Techniques such as ReAct and Reflexion are detailed as methods by which agents introspect and adjust their decision-making processes. Self-reflection allows an agent to analyze the outcomes of previous actions and refine future steps, while self-evolution mechanisms ensure that agents can update their strategies based on historical successes and failures. These mechanisms are paralleled with reinforcement learning approaches, where the GUI automation tasks are cast as Markov Decision Processes (MDPs) with clearly defined states, actions, and reward structures.
Taxonomy and Roadmap for Future Research In addition to breaking down individual components, the survey introduces an extensive taxonomy covering frameworks, datasets, model architectures, evaluation metrics, and real-world applications. Tables and figures (e.g., detailed visualizations of framework architectures and a taxonomy diagram) serve as blueprints for navigating the state-of-the-art, highlighting both the diversity of current approaches and the interconnections between various research elements. The roadmap section points out critical research gaps, such as the need for more sophisticated environment state perception, more efficient memory management strategies, and improved inter-agent communication protocols.

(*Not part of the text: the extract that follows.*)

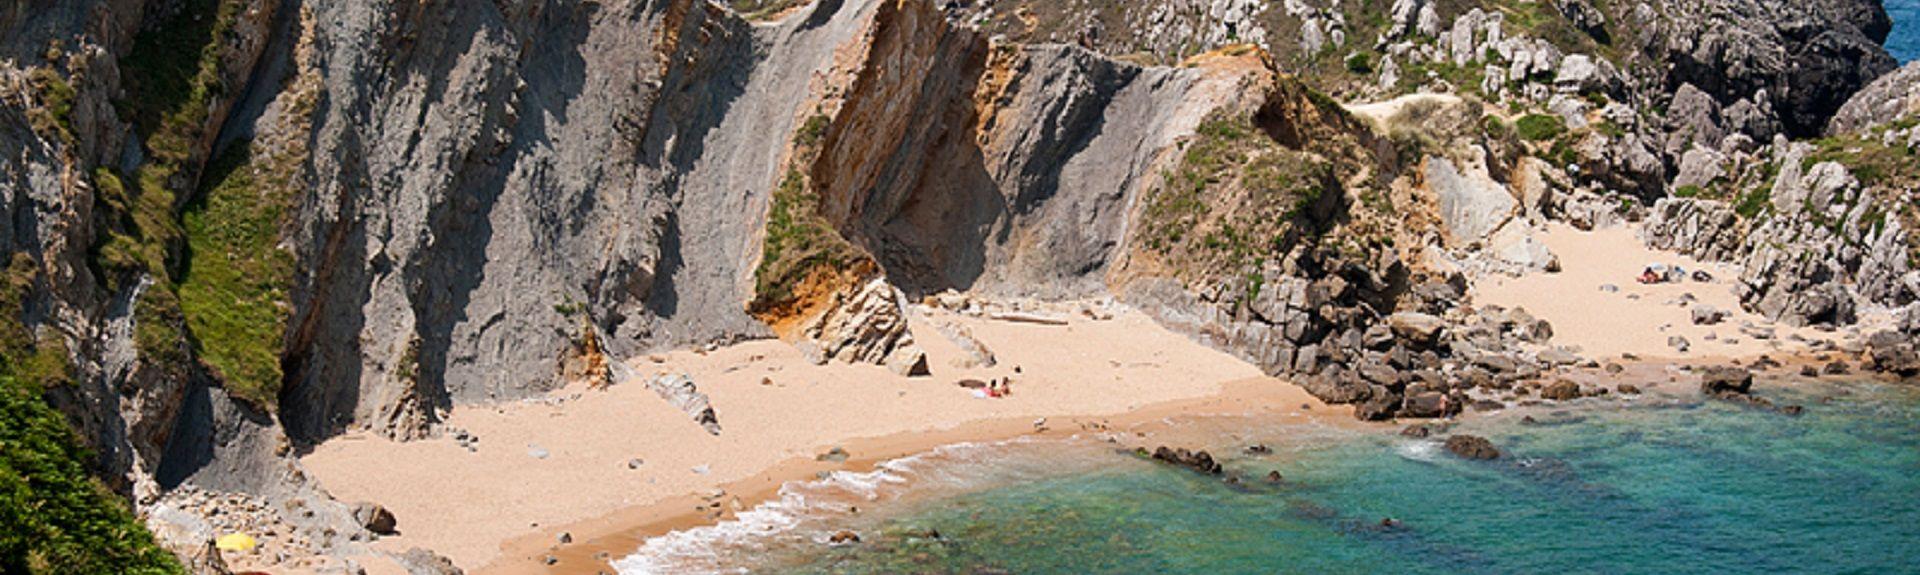 Polanco, Cantabria, Spain

Applications and Practical Implications The survey concludes by presenting a broad range of applications—from web navigation and mobile app automation to complex desktop operations—illustrating how LLM-brained GUI agents can transform human-computer interactions by enabling natural language control over software systems. The discussion emphasizes that while these agents have demonstrated strong performance in controlled experiments and industrial prototypes, challenges remain regarding scalability, latency, and safety.

Overall, the paper offers a detailed and balanced synthesis of the current research landscape in LLM-powered GUI automation. It effectively situates recent trends within the broader evolution of GUI automation, while rigorously cataloging technical advances such as multi-modal perception, prompt engineering, action inference, and memory integration. Researchers in the field will find this survey a valuable reference for both understanding the state-of-the-art and identifying fertile directions for future investigations.